Hugh Dickins wrote:
Let me say (while perhaps others are still reading) that I'm seriouslyHi,
wondering whether you should actually restrict your shared pagetable work
to the hugetlb case. I realize that would be a disappointing limitation
to you, and would remove the 25%/50% improvement cases, leaving only the
3%/4% last-ounce-of-performance cases.
But it's worrying me a lot that these complications to core mm code will
_almost_ never apply to the majority of users, will get little testing
outside of specialist setups. I'd feel safer to remove that "almost",
and consign shared pagetables to the hugetlb ghetto, if that would
indeed remove their handling from the common code paths. (Whereas,
if we didn't have hugetlb, I would be arguing strongly for shared pts.)

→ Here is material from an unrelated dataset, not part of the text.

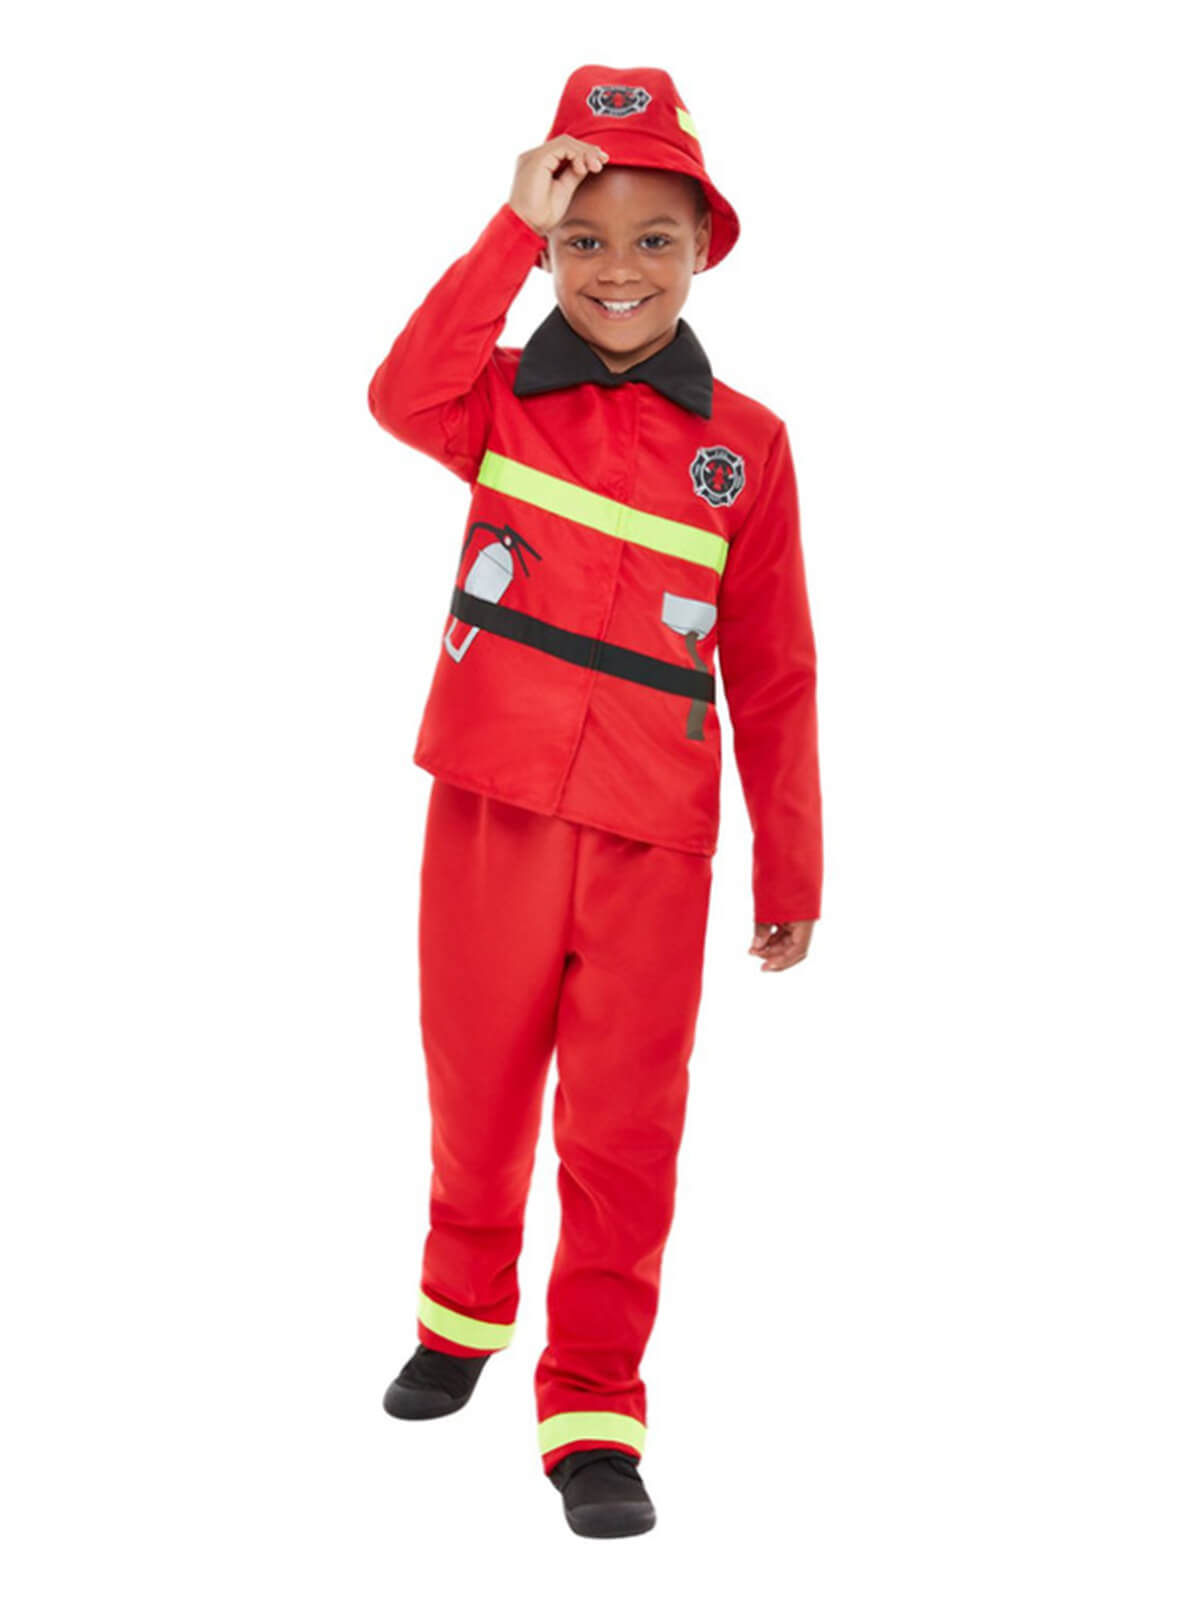 Fire Fighter Costume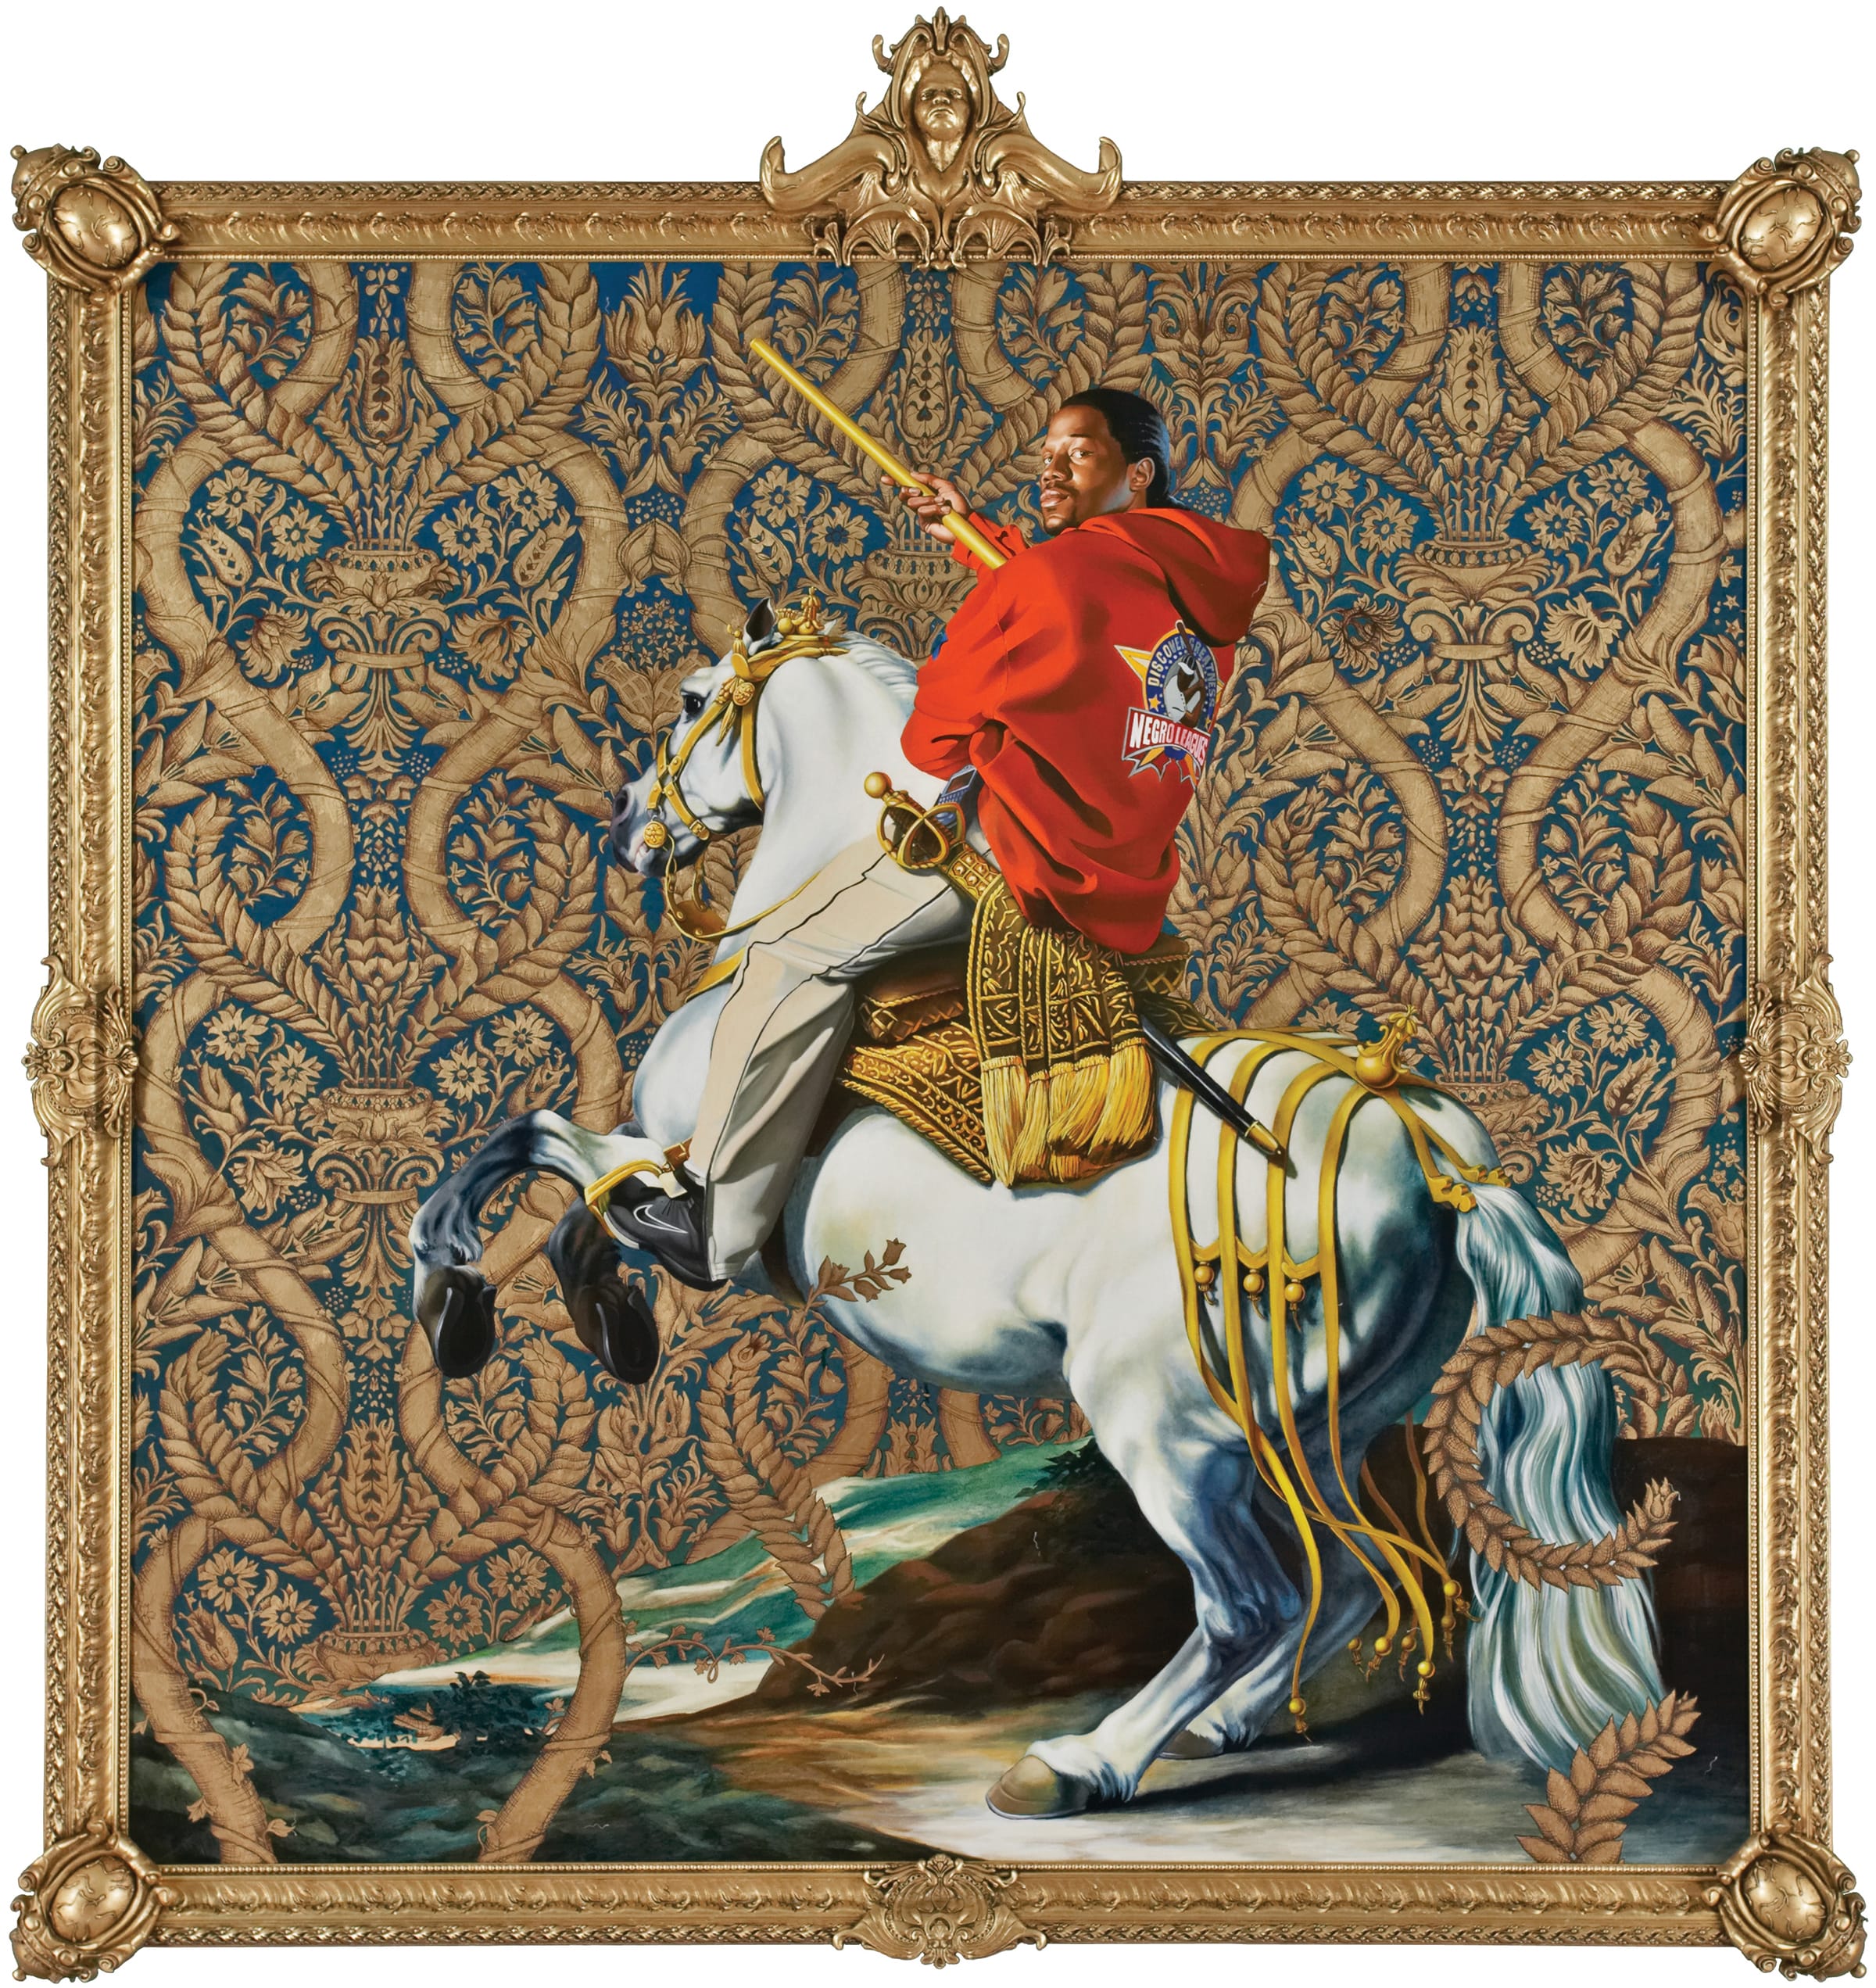 Kehinde Wiley, Equestrian Portrait of the Count Duke Olivares, 2005. Courtesy of the Rubell Museum DC.

In the case of x86-64, if pagetable sharing for small pages was eliminated, we'd lose more than the 27-33% throughput improvement observed when the bufferpools are in small pages. We'd also lose a significant chunk of the 3% improvement observed when the bufferpools are in hugepages. This occurs because there is still small page pagetable sharing being achieved, minimally for database text, when the bufferpools are in hugepages. The performance counters indicated that ITLB and DTLB page walks were reduced by 28% and 10%, respectively, in the x86-64/hugepage case.
To be clear, all measurements discussed in my post were performed with kernels config'ed to share pagetables for both small pages and hugepages.
If we had to choose between pagetable sharing for small pages and hugepages, we would be in favor of retaining pagetable sharing for small pages. That is where the discernable benefit is for customers that run with "out-of-the-box" settings. Also, there is still some benefit there on x86-64 for customers that use hugepages for the bufferpools.